EXERCISE PROMPT
Reproduce the entries exactly and omit the pictures.
[Opening INFORMATION SHOWN section]
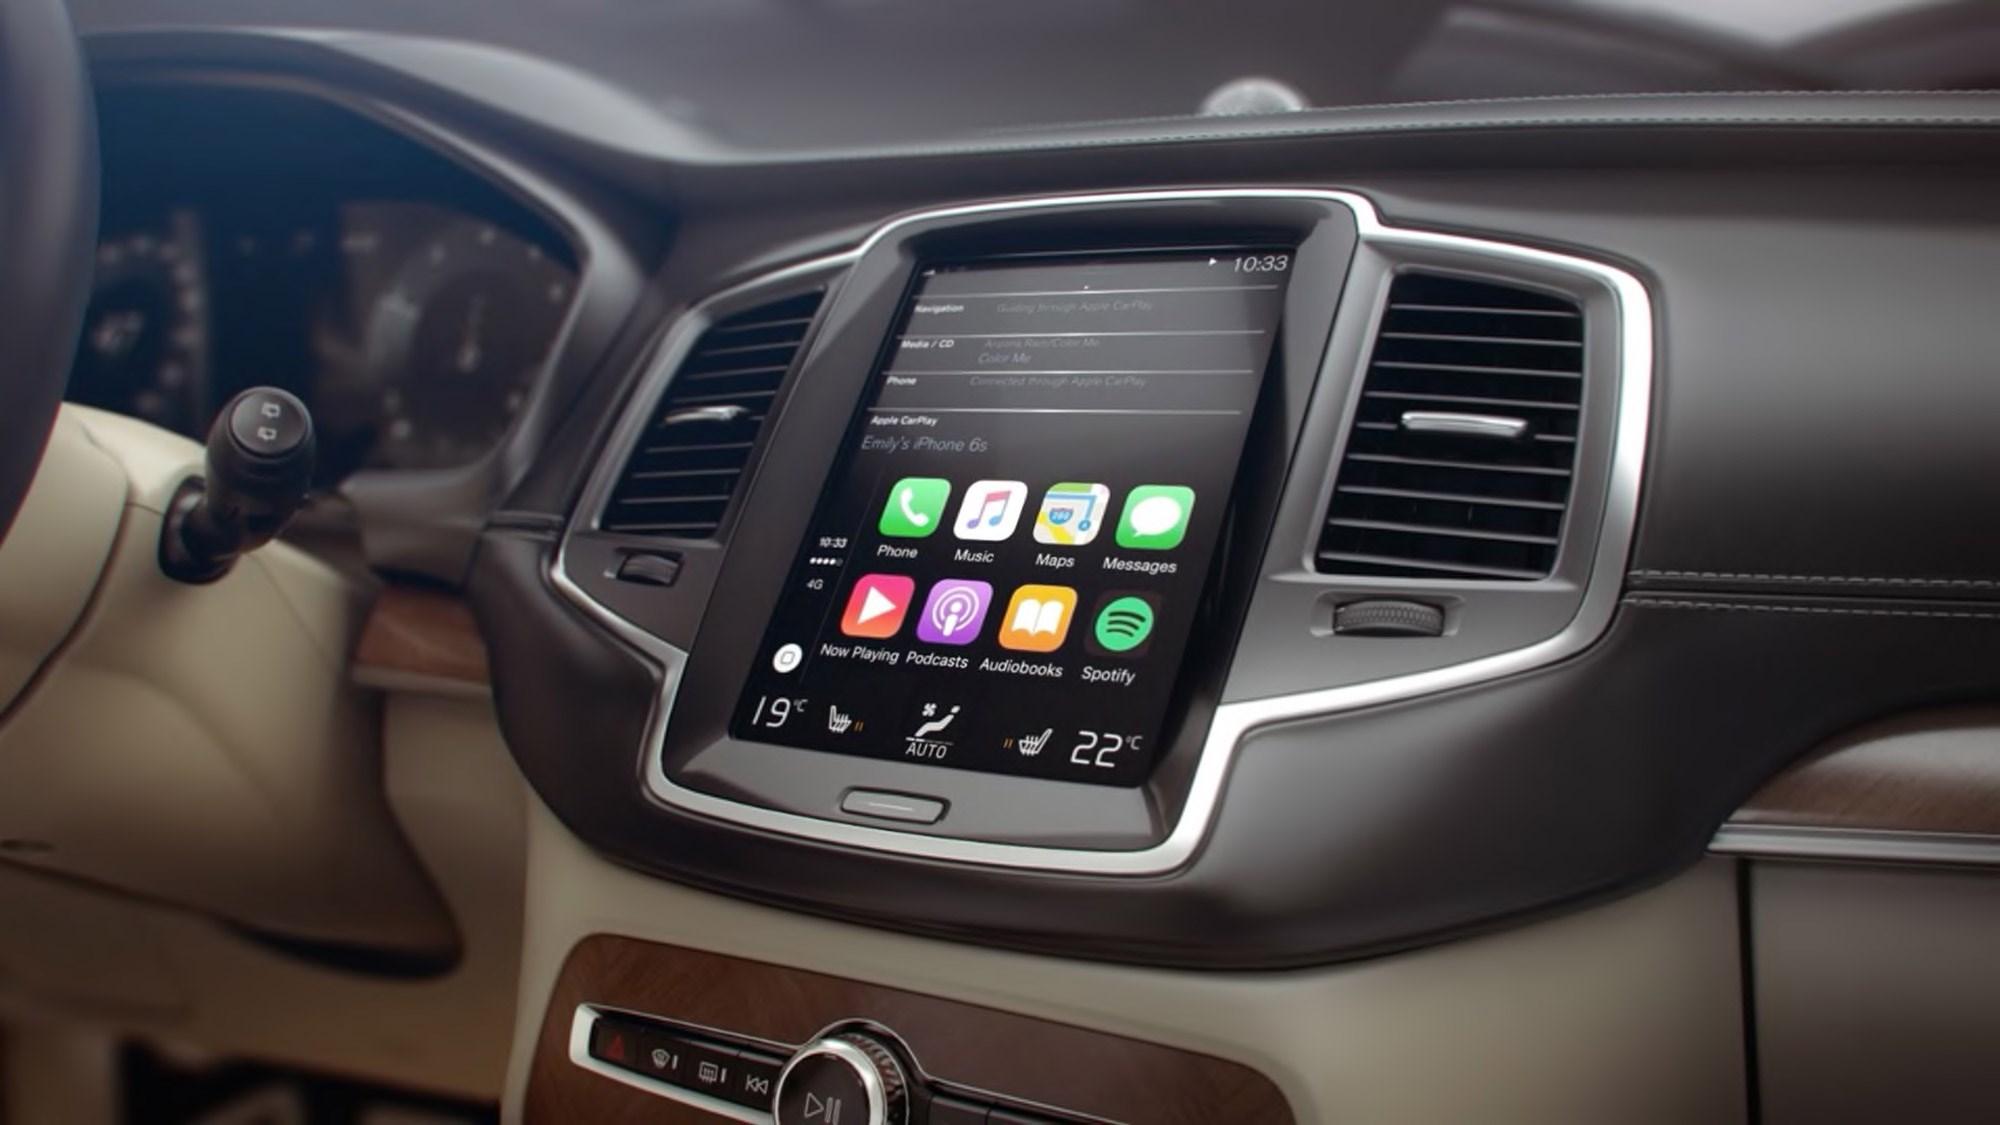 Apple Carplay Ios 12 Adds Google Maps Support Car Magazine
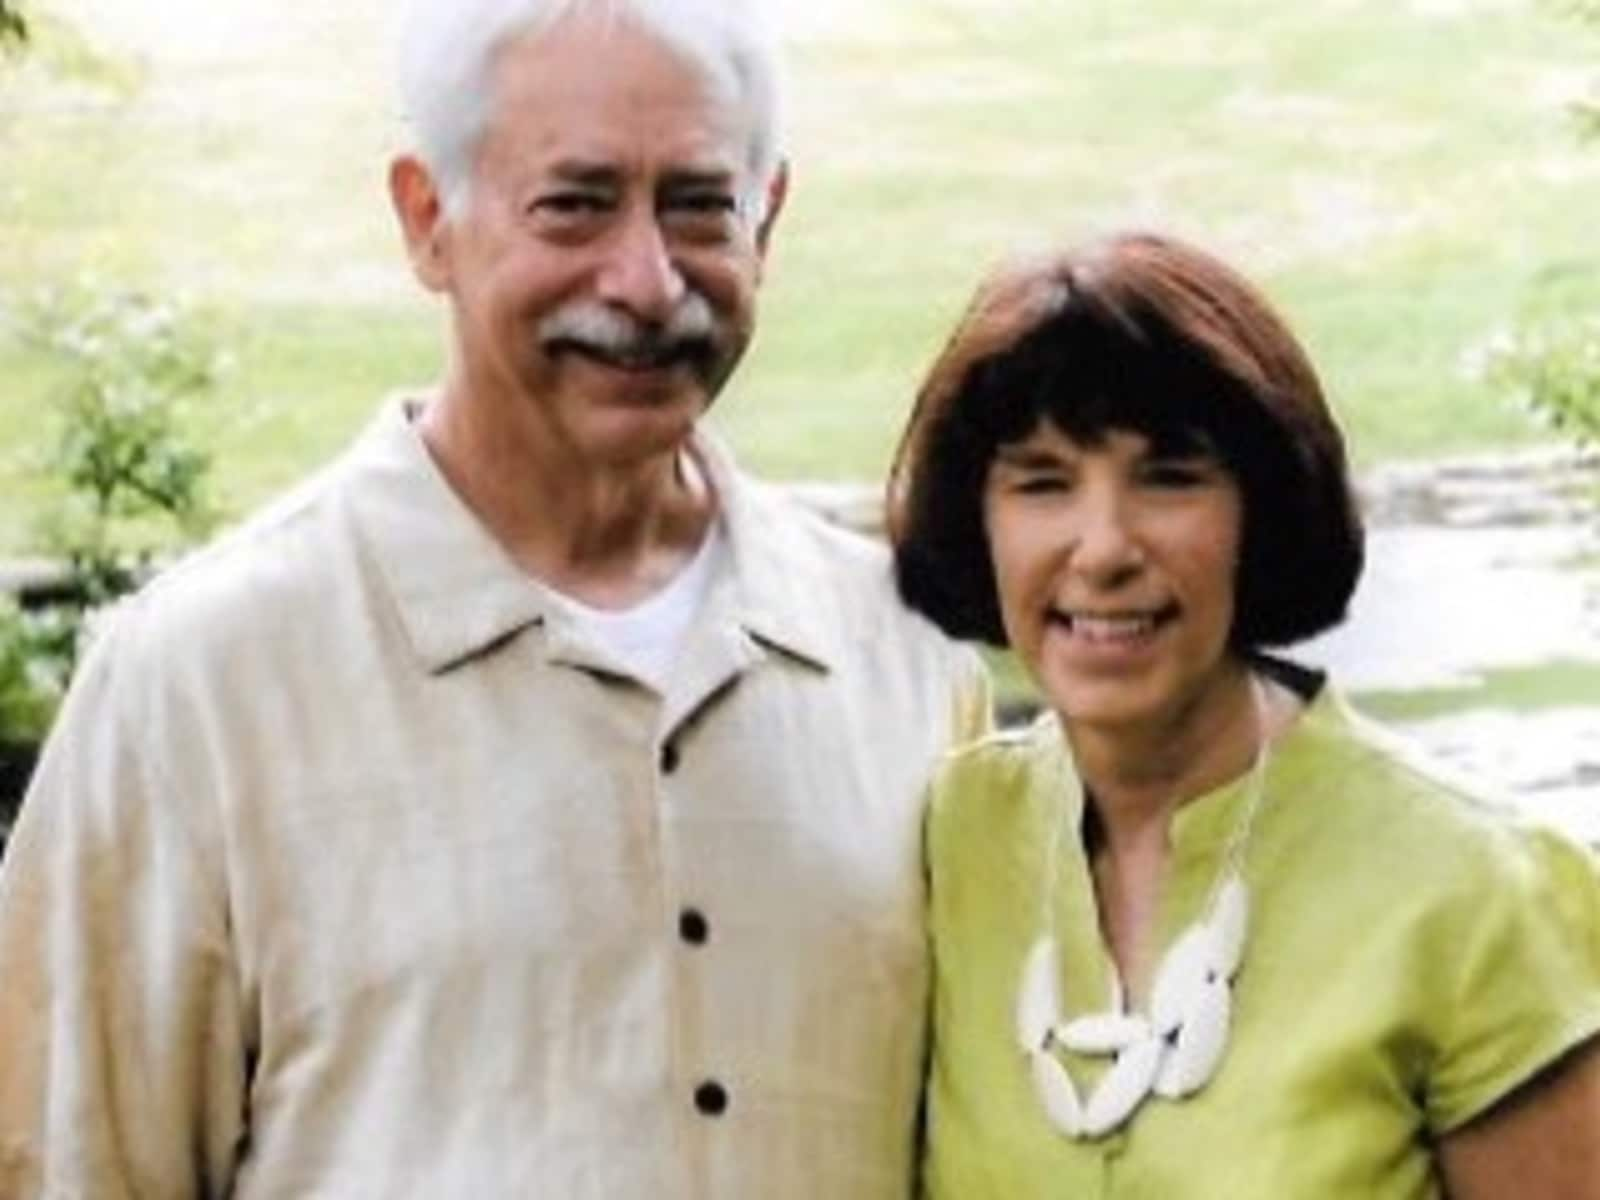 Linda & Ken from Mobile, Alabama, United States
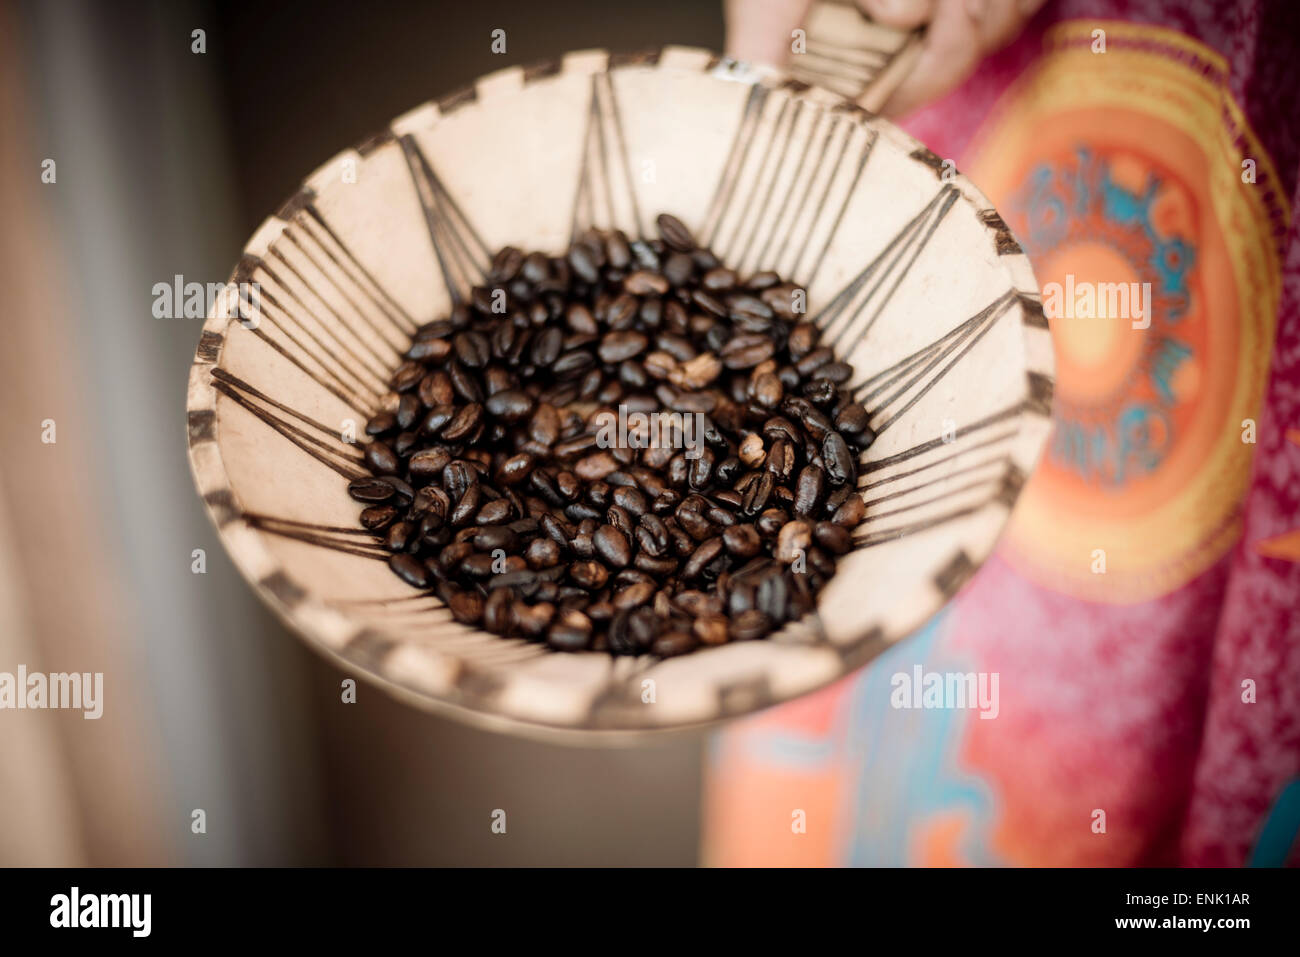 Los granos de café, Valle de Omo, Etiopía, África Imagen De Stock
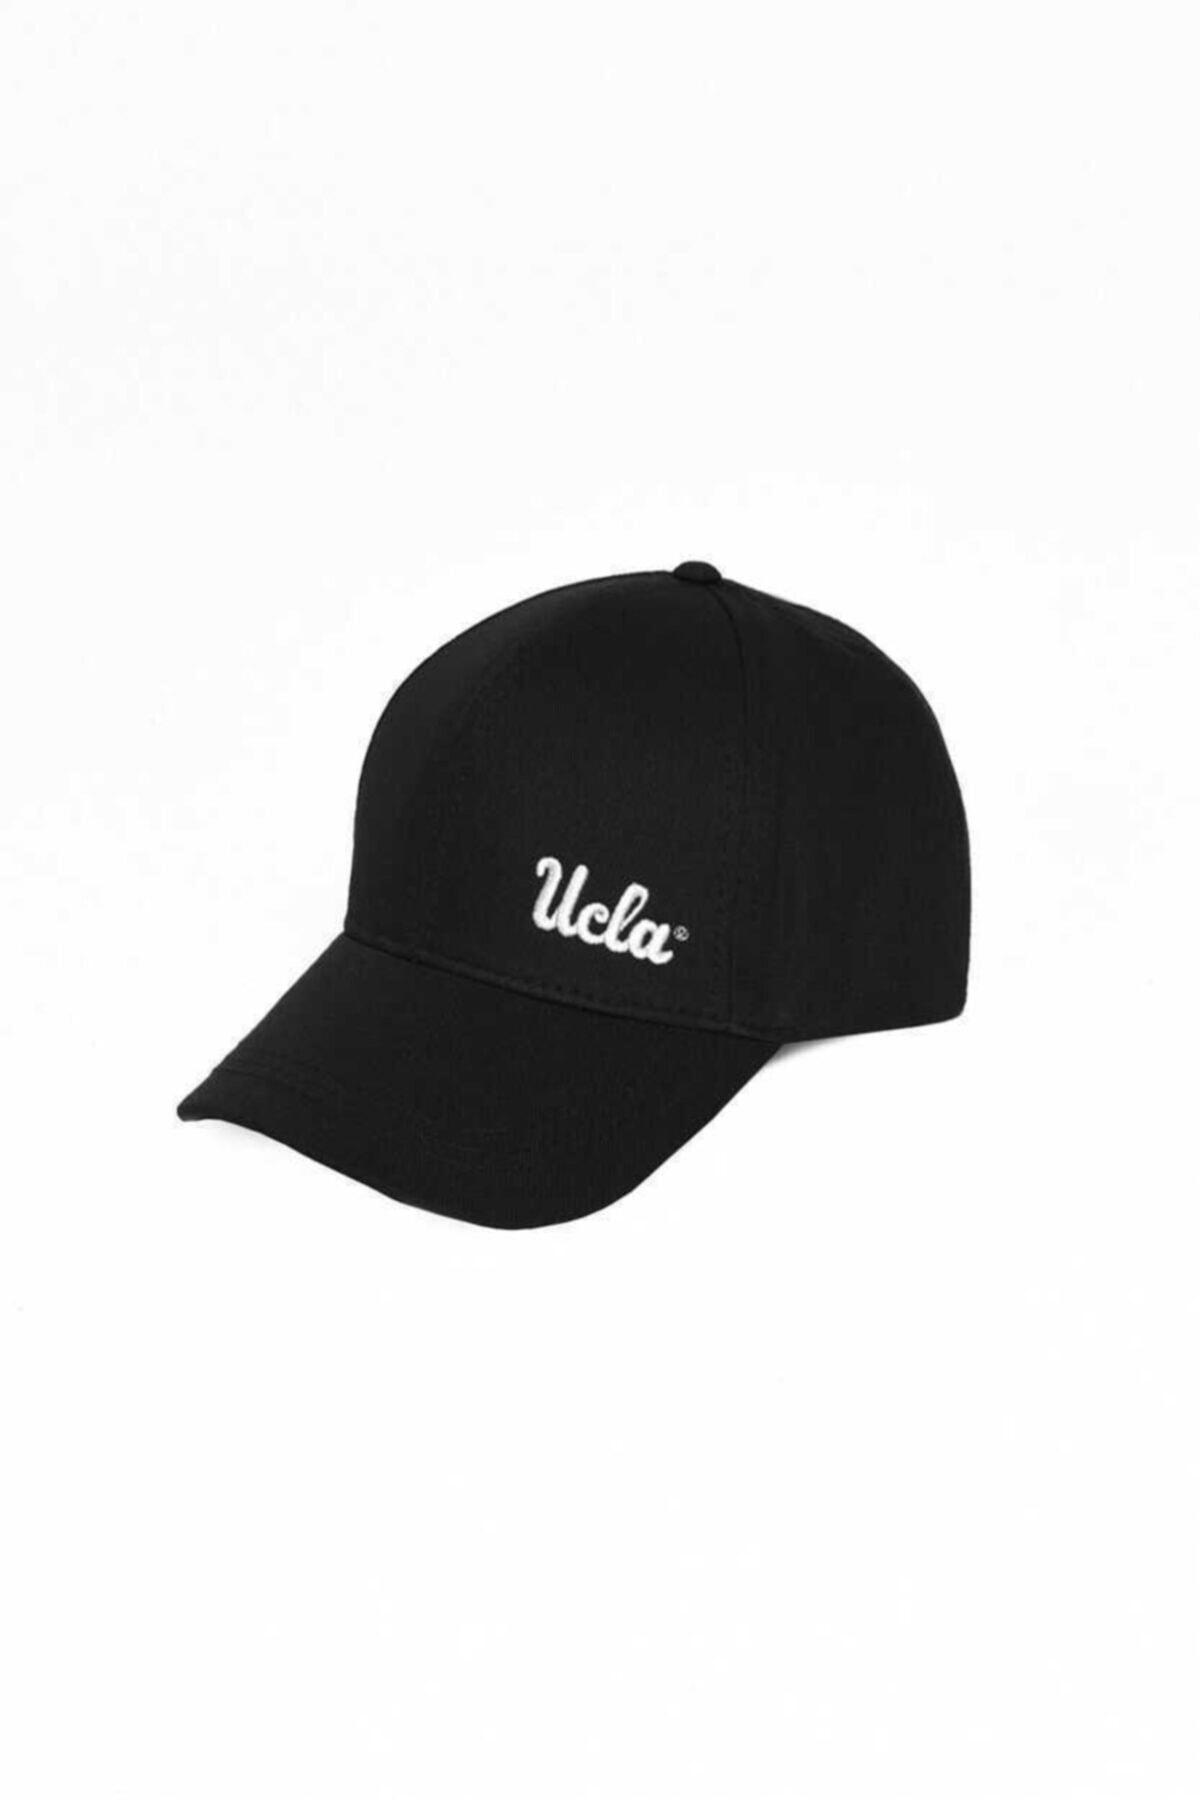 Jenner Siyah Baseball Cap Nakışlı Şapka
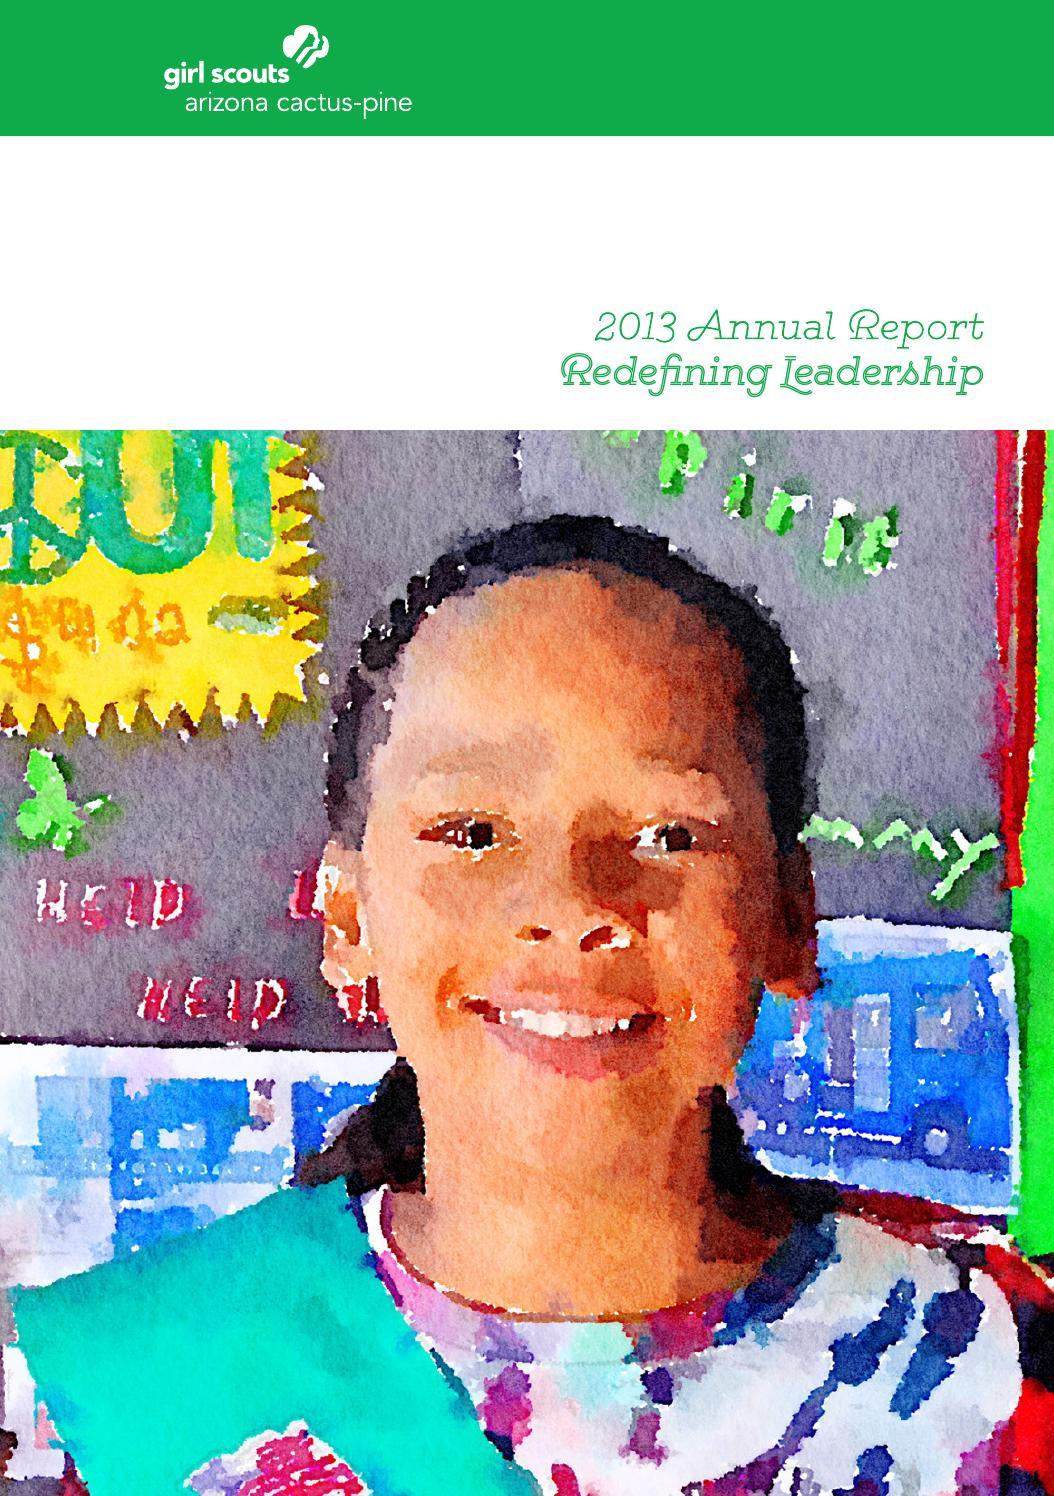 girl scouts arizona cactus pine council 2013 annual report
[Closing INFORMATION SHOWN section]
EXERCISE OUTPUT
 Apple Carplay Ios 12 Adds Google Maps Support Car Magazine
 Linda & Ken from Mobile, Alabama, United States
 Los granos de café, Valle de Omo, Etiopía, África Imagen De Stock
 Jenner Siyah Baseball Cap Nakışlı Şapka
 girl scouts arizona cactus pine council 2013 annual report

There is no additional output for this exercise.